Exercise directions: Every line of the data below should be repeated exactly, and no picture should be copied.

Information supplied:
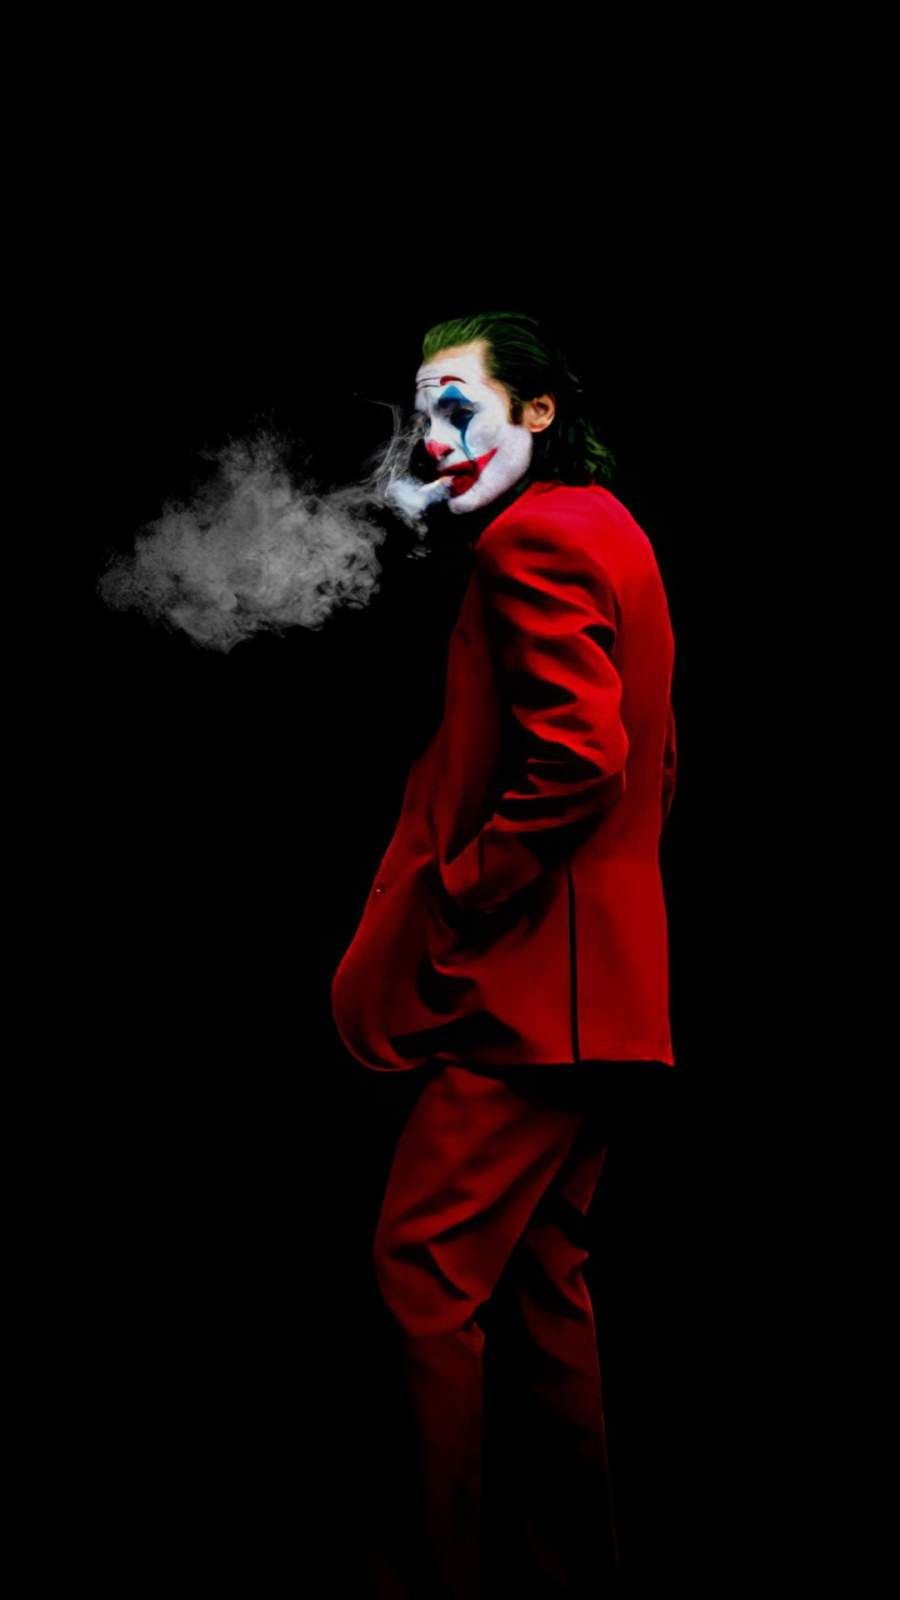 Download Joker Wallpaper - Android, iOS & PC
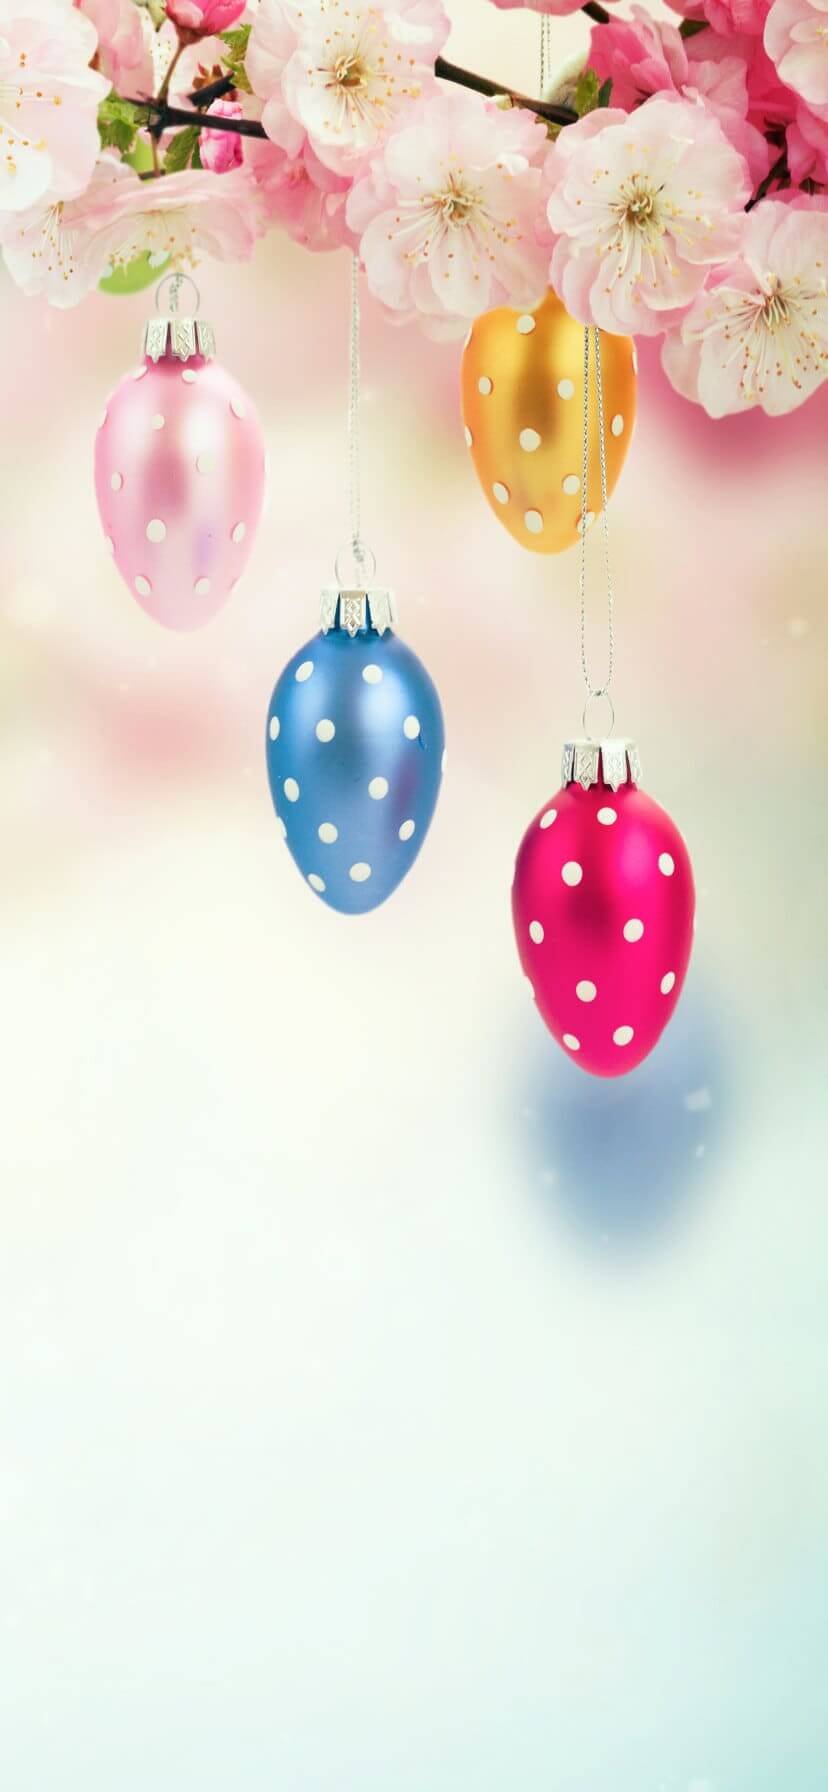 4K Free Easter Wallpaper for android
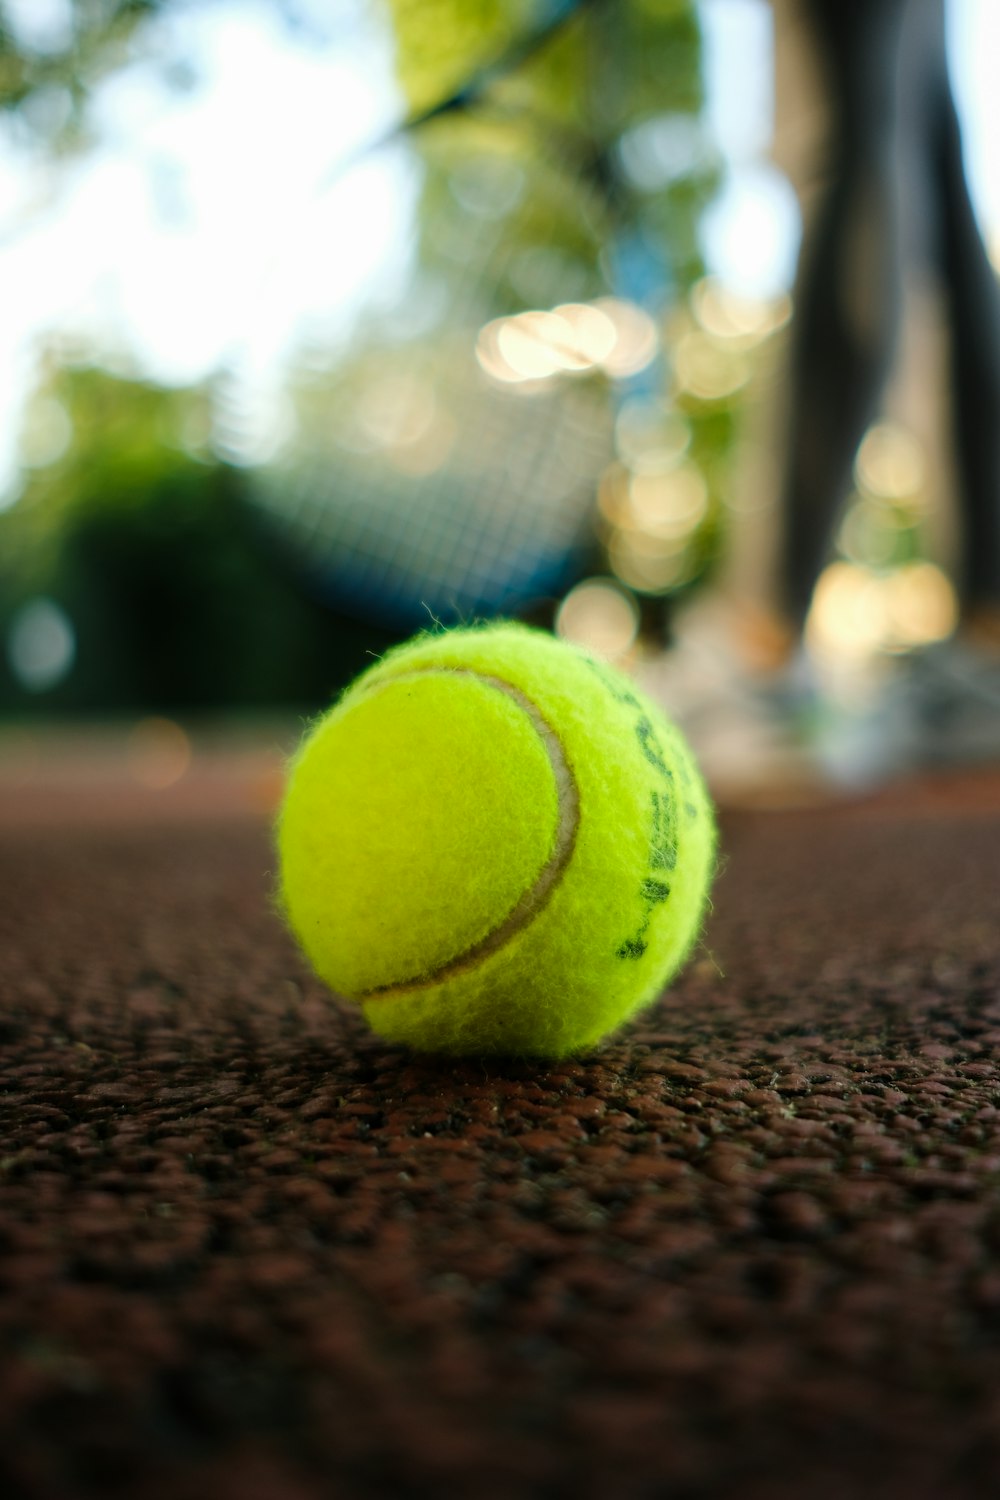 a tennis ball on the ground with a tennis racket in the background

Answer box:
 Download Joker Wallpaper - Android, iOS & PC
 4K Free Easter Wallpaper for android
 a tennis ball on the ground with a tennis racket in the background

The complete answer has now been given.